Monday, September 2, 2019

The Lager Queen of Minnesota

The Lager Queen of Minnesota by J. Ryan Stradal
Book Review

Edith and Helen are sisters who grew up on a farm in north central Minnesota in the 1940s to the early sixties. They become estranged when their father leaves the farm to Helen, the younger, at his death some time in the 1960s.

Before that, Edith and her new husband, Stanley, leave their roles as caretaker and hired hand to move to the small city where's he's been offered a job. Stanley's no farmer and Edith's dad is not well, but this decision surprises Helen because Edith is loyal, hard-working, and lives to help people.

Helen hasn't paid attention to what's happening at the farm since she left for college three years ago, much less to Edith, but she sees how to turn this event to her advantage. Helen fell obsessively in love with the taste of beer and the process of brewing it when she was 15, and has been spending her college years learning everything she can about it. Her fiance, Orval, is from a beer-making family whose brewery has failed. Helen and Orval are trying to revive the business, but they need money.

Helen persuades her father, who is clearly not going to last much longer, to leave the farm to her. She promises she will give Edith her share when the brewery is making money. She and Edith never speak after Helen breaks the news, and the sharing plan falls aside.

Edith is not the kind of person to dwell on financial misfortune; she's much more sad to have no parents and an estranged sister. Edith and Stanley never have much money, and neither does anyone else they know. Edith resolutely, sometimes even cheerfully, shrugs off never owning a home, having no savings, and working well past the age she is when the book starts. (She's 63 and working in the kitchen of a nursing home.) Helen is ambitious, driven, and lonely (though she has Orval) but she doesn't care. Success is what she wants at all costs.

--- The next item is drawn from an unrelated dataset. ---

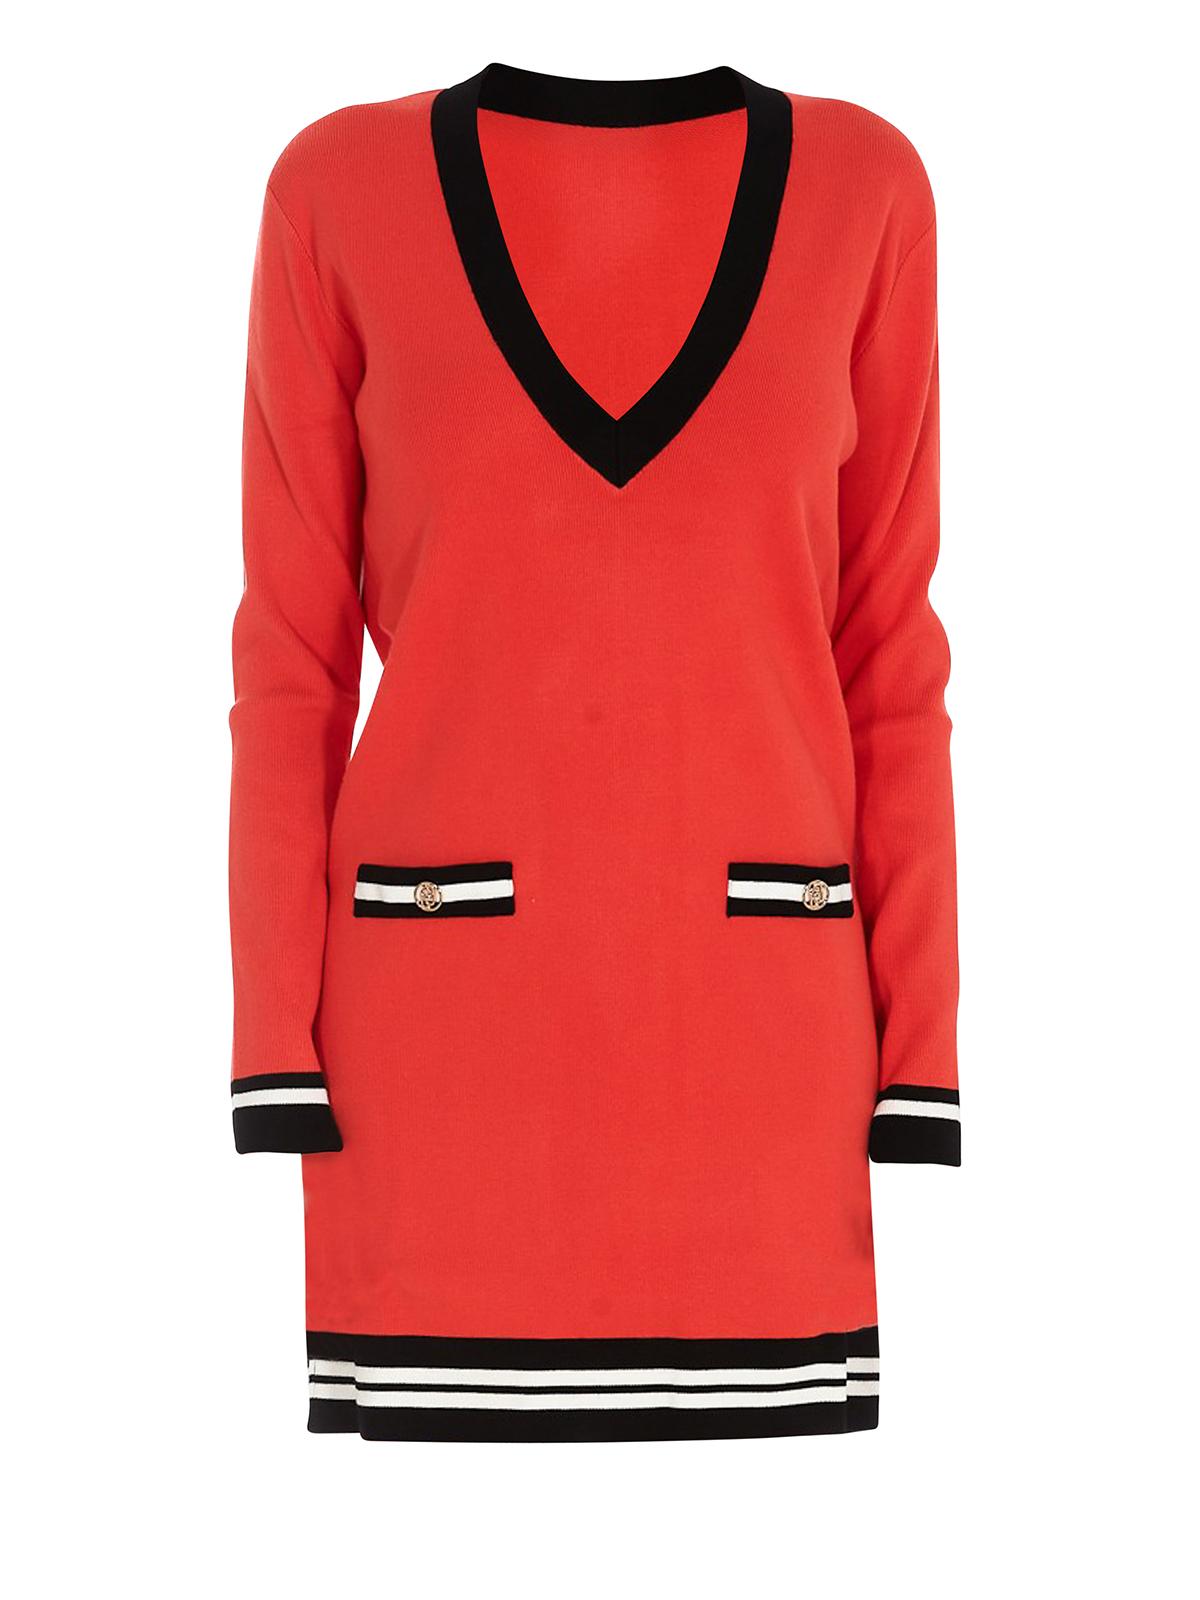 Liu •jo RED V-NECKLINE DRESS

Edith's granddaughter Diana becomes the third major character in the story. A mixture of Edith's Minnesotan unpretentiousness and morality, and Helen's shrewd assessment of how to profit from all she encounters, she's the catalyst for Edith and Helen to find the end of their stories.

We know the setting of a book often works as a character in its own right. In The Lager Queen, it's not quite so much the rural landscape of north central Minnesota as it is the sturdy, unassuming civility of Edith and her friends. They judge people who don't play by their rules: don't swear, don't ask personal questions, be friendly and honest--but they keep it to themselves. Emotions are sublimated. But once in a while they'll make a subtle, insider joke about someone with people they trust.

My dad grew up just like that in the same area, and I recognize my cousins' way of talking in this book. Stradal, who's from Minnesota, has captured the personality of the region in a laugh-out-loud, entertaining, yet respectful, way. He also must love beer. I don't drink it, but this book is saturated with detailed descriptions of hops, brewing facilities, types of beer and their taste. I started to want a cold bottle.